O papel dos shoppings centers no dia a dia dos consumidores mudou muito nos últimos anos. E isso não acontece apenas aqui. No exterior, inclusive, muitos shoppings e grandes lojas de departamento fecharam suas portas. Quem é lojista, principalmente em shopping, está consciente que há alguns anos o fluxo de clientes nas lojas físicas vem caindo. Em 2016, por exemplo, a queda foi de 3,4% em relação a 2015, segundo pesquisa da Associação Brasileira de Shopping Centers. E este ano, as quedas continuam. Com isso está cada vez mais difícil encontrar lucratividade nos negócios.

A situação não é apenas desfavorável para os lojistas. Os donos de shoppings embora não trabalhem com a venda de forma direta, têm encontrado problema na relação com os seus locatários. Até alguns anos atrás, os shoppings cobravam o que queriam porque para os varejistas ter lojas nesses empreendimentos era sinônimo de vendas garantidas. Hoje, os shopping centers estão revendo seus modelos de valores para manter algumas marcas e evitar corredores cheios de tapumes.

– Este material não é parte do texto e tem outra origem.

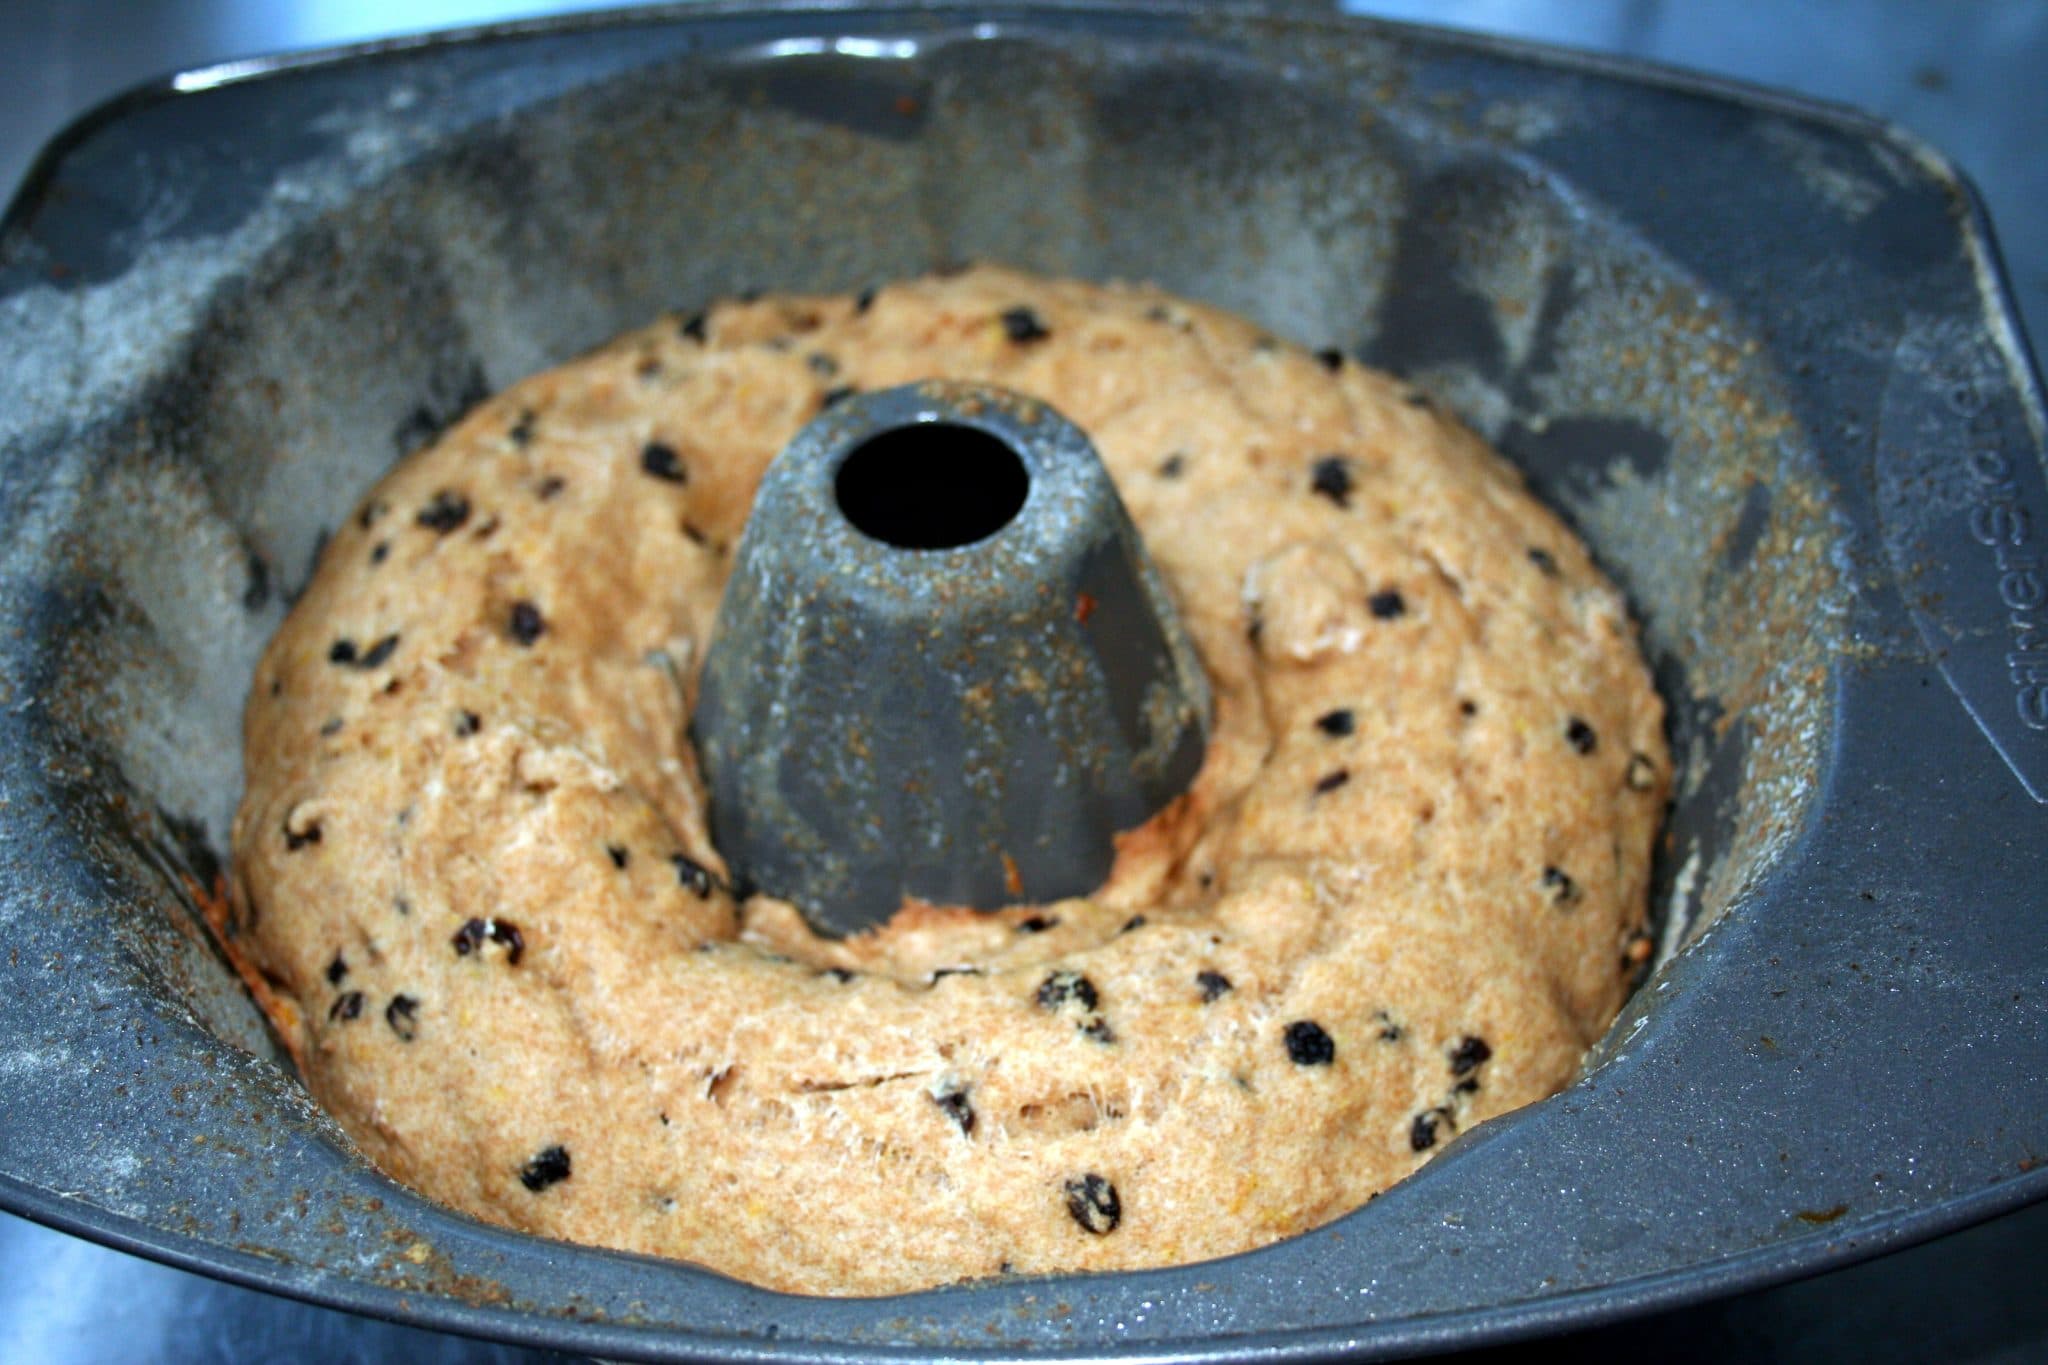 Raw Vegan Orange-Currant Brunch Cake in bundt pan to be cooked

Também as grandes marcas estão revendo seu papel dentro dos shoppings. Se antes a presença delas era a salvação, atualmente parecem se desinteressar de estar em todos os lugares e estão ajustando seus modelos de expansão para lojas cada vez menores, de menor custo e com maior lucratividade. Outro grande problema é o avanço do comércio eletrônico. Ou seja, muitos consumidores estão divididos. Nem todos gostam ou preferem a compra física. Para muita gente, ir à um shopping, com muitas pessoas ou estacionamentos abarrotados é uma tortura. Comprar online, pelo menos para esses consumidores é mais conveniente e confortável.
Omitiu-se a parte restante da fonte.